In addition to the above independent variables, a network of interconnected distances was produced in order to evaluate the neighbourhood interaction between urban settlements. More specifically, the Euclidean distances from each of the 142 existed urban settlements in 2003 to the 329 points of the study area were calculated. Therefore, 142 variables with distances from each urban area were produced. This network of distances (DistNetwork) explains the non-linear relationships within the urban selforganized system.

2.3. Model Development

The model development was based in two principal components of chaos theory: determinism and stochasticity. Determinism takes into account the independent variables which influence urban growth, while stochasticity tries to model the non-linear interconnected relationships between urban settlements within the self-organized urban system. Except from examining determinism and stochasticity separately, a combination of them was also achieved.

More specifically, for stochasticity, 142 variables with distances between each house settlement in 2003 from 329 points of study area (DistNetwork) were considered in ANN-1 model. These 142 variables were standardized using maximum value. Therefore, they take values ranging from 0 to 1.

For determinism the fuzzy values of the following five independent variables: DistRoads, DistUrban, DistCoastline, Elevation and Slope were used as input neurons in the ANN-2 model. Fuzzy set theory is a generalization of Boolean logic, where there is no sharp boundaries between objects (variable values) which belongs to the set and those which do not. A membership function is applied into the variables, where each value takes a membership grade within 0 and 1 indicating the degree of its membership into the set. The value 1 indicates complete membership, while the value 0 non membership [28].

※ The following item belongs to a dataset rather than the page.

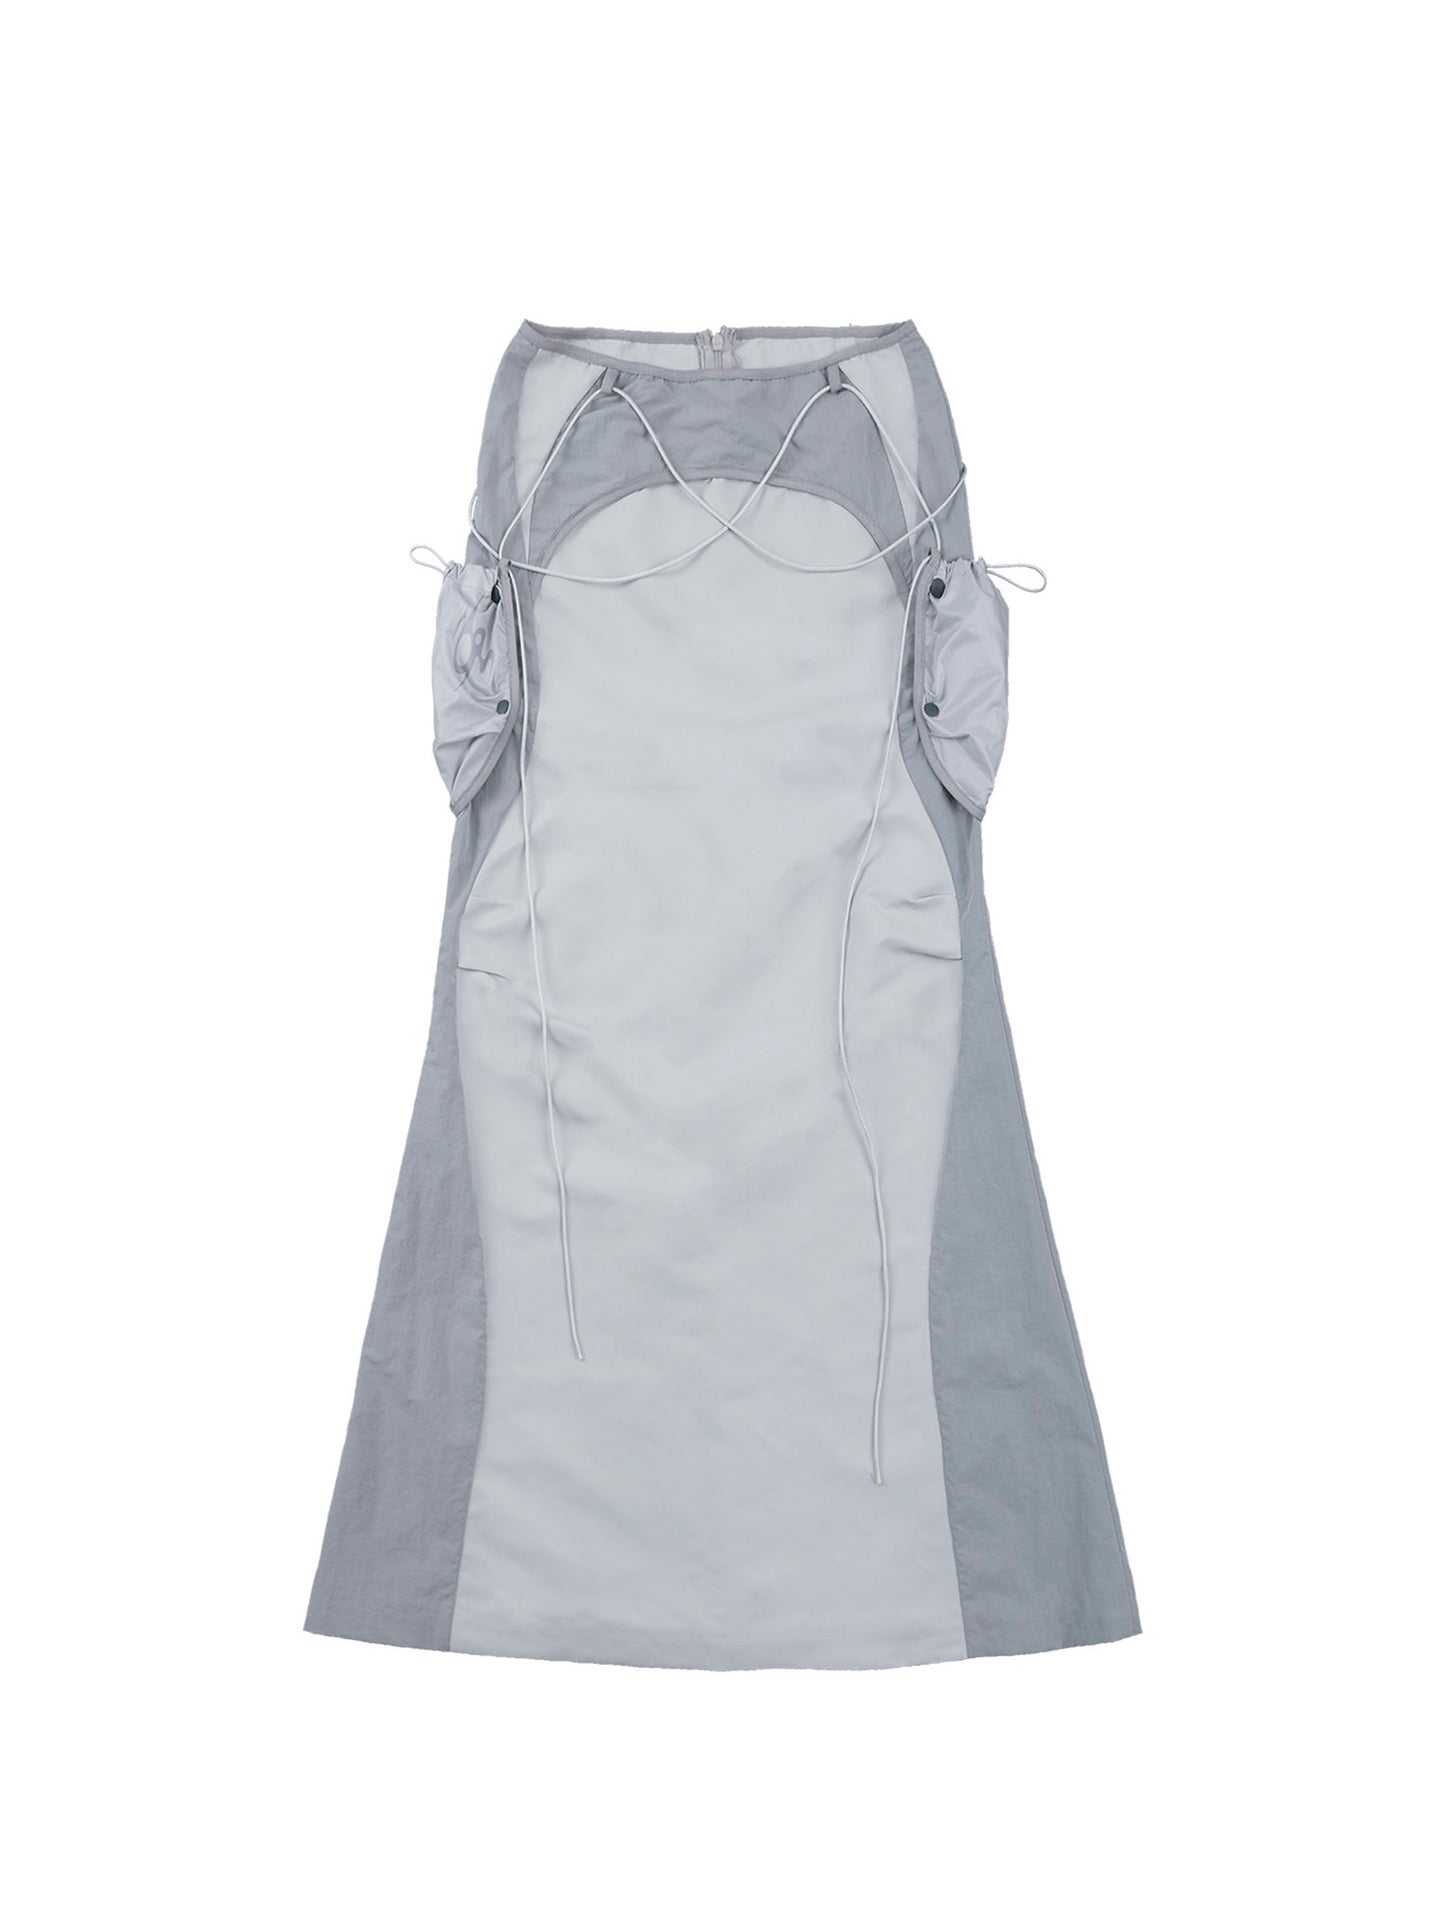 Pocket bag long skirt grey

Moreover, a combination of these two approaches was produced using the ANN-3 model where the 142 standardized distance variables (DistNetwork) and the five fuzzy independent variables were included as input neurons. The output neuron in all ANN models was the dichotomous variable of urban changes from 2003 to 2011 (0: non urban to non urban and 1: non urban to urban).

The ANN models were applied to the point set of 329 locations. The initial dataset was divided to training set (60%), testing set (20%) and validation set (20%). For each ANN model 30 simulations were taken place, in which the best neural network (best validation accuracy) was finally selected. In each simulation 50 epochs (iterations) were achieved. Moreover, concerning the architecture of the ANN models, two hidden layers were used. Random nodes ranging from 8 to 16 and 1 to 6 were contained in each hidden layer respectively.

The design scheme of the model development is graphically presented in Figure 2. The application of the ANN models was achieved using appropriate code in Matlab environment.

3. Results and Discussion

The urban change is a dynamic phenomenon which is affected by many socioeconomic and biophysical factors. For examining the determinism, in each of the five independent variables: DistRoads, DistUrban, DistCoastline, Elevation and Slope, a corresponding fuzzy set was created by applying the SI model on the data of the year 2003. The membership function designed was based on expert knowledge and experience of the area and the statistical analysis of the data. Therefore, the independent variables favour urban growth as presented in Figure 3, where the fuzzy membership functions are drawn.

Distance to roads: Distances from roads less than 50 m positively influence urban growth. Therefore, they are assigned membership grade equal to 1 in the fuzzy set DistRoads. Distances greater than 50 m negatively influence urban growth, because the human factor is not intense in these areas. The crossover point of the membership function is at distance 90 m from roads. The width of the curve is 40 m.

Distance to urban areas: Close to urban areas, urban growth is increased. In distances less than 20 m the membership grade is equal to 1 in the fuzzy set DistUrban, while in distances greater than 20 m it varies from 0 to 1, taking the value 0.5 at distance equal to 50 m (crossover point). The width of the curve is 30 m.

Figure 2. Design scheme of urban growth modelling.

Figure 3. Fuzzy membership function of the independent variables of the urban growth in Pogonia village.

Distance to coastline: Areas near coastline favour urban growth. Therefore, in distances less than 180 m the membership grade takes the value of 1 in the fuzzy set DistCoastline. The fuzzy function gives membership grade equal to 0.5 (crossover point) to distance of 300 m. The width of the curve is 170 m.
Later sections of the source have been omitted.